A European Commission staff working document published on 14 July 2026 by the Joint Research Centre (JRC) projects that the EU population will peak at 453.3 million in 2029 and then decline to 398.8 million by 2100, driven by persistently low fertility and an ageing population. The document, SWD(2026)193, warns that the demographic shift will affect all Member States and sectors from labour markets to healthcare, with the working-age base shrinking and dependency ratios rising sharply.

The EU population stood at 450.6 million on 1 January 2025, up from 449.5 million a year earlier, with net migration offsetting negative natural change (more deaths than births) that has persisted since 2012. The median age reached 44.9 years in 2025 and is projected to hit 51.5 years by 2100, while the share of people aged 65 and over will grow from one-fifth to nearly one-third by mid-century.
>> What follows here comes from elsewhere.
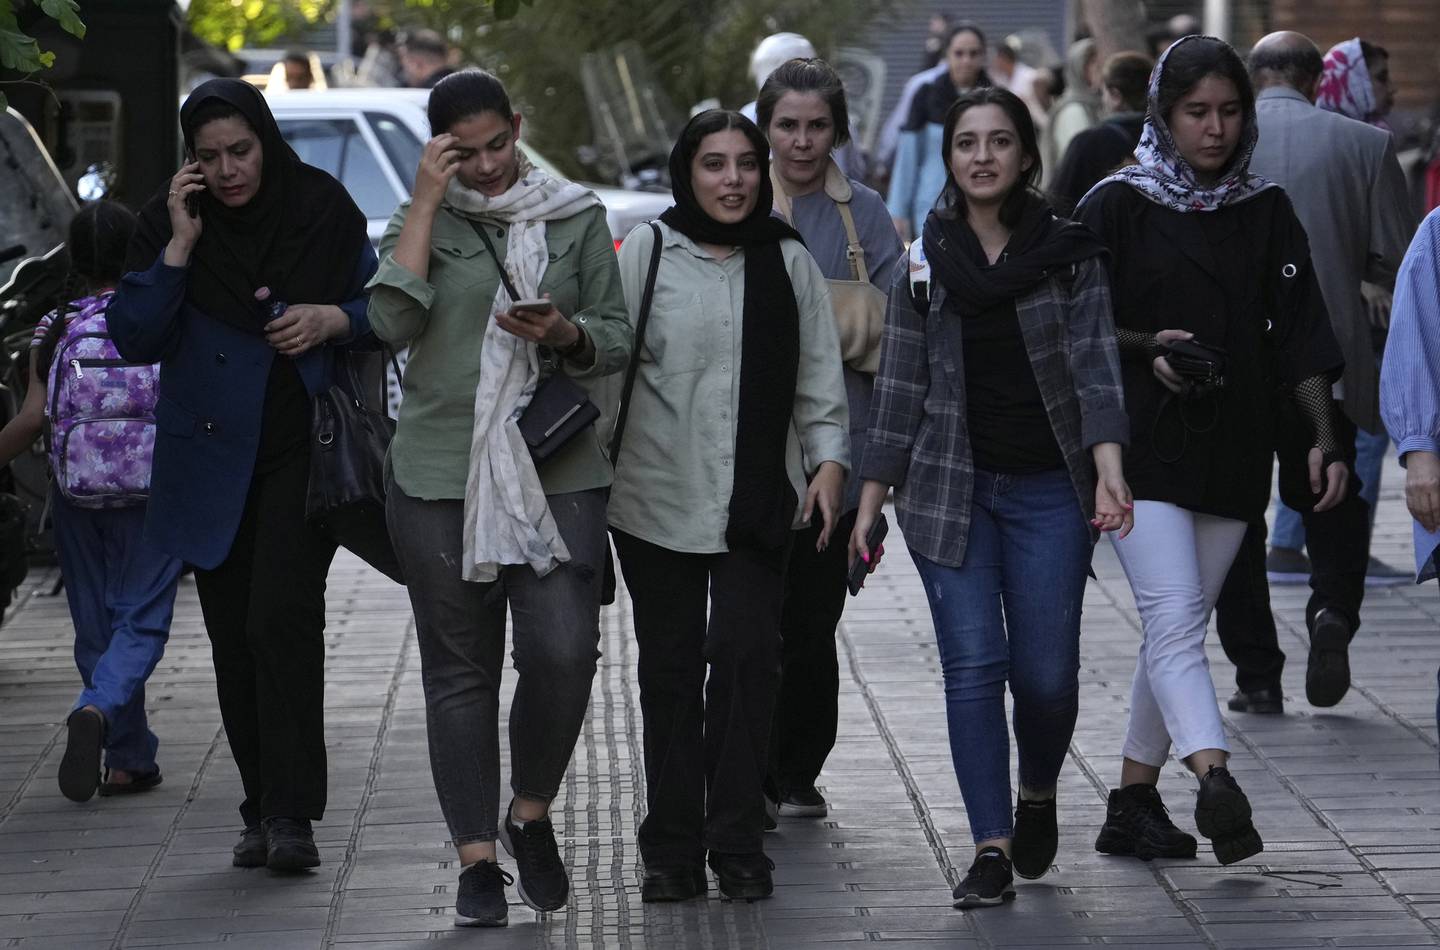 Iranske kvinner, noen uten hodeplagg, på gata i Teheran i forrige uke. Lørdag er det ett år siden Mahsa Amini døde, og landsomfattende protester mot presteregimet startet.

Life expectancy at birth was 81.5 years in 2024 (84.1 for women, 78.9 for men) and is projected to exceed 90 years for women and 86 for men by 2100. The total fertility rate (TFR) fell to 1.34 in 2024, well below the replacement level of 2.1, and live births dropped to 3.55 million in 2024 from 4.07 million in 2020. The old-age dependency ratio (people aged 65+ per 100 working-age people) was 34 in 2025, projected to exceed 50 in 13 Member States by 2050 and reach above 60 EU-wide by 2100.

The document builds on several recent EU initiatives, including the Demography Toolbox adopted on 11 October 2023, the European Affordable Housing Plan of December 2025, the Intergenerational Fairness Strategy of March 2026, and the Anti-Poverty Strategy and Communication on breaking child poverty, both from May 2026. The JRC analysis underscores that the demographic transformation is irreversible in the medium term, requiring coordinated policy action across all Member States to adapt labour markets, pension systems, healthcare, and housing to an older and smaller population.

EU producers face a shrinking and ageing workforce, potentially increasing labour costs and prompting automation. EU consumers may experience higher taxes and reduced public services as the working-age population shrinks relative to dependents. National authorities will need to reform pension and healthcare systems to cope with rising old-age dependency ratios. EU regulatory bodies, including the Commission, will likely face pressure to propose further measures on migration, labour market integration, and intergenerational fairness to mitigate the economic and social consequences of demographic decline.

The working document is expected to inform upcoming Commission proposals on demography-related policies, with the European Parliament and Council likely to debate the implications for the EU's long-term budget, cohesion policy, and social agenda.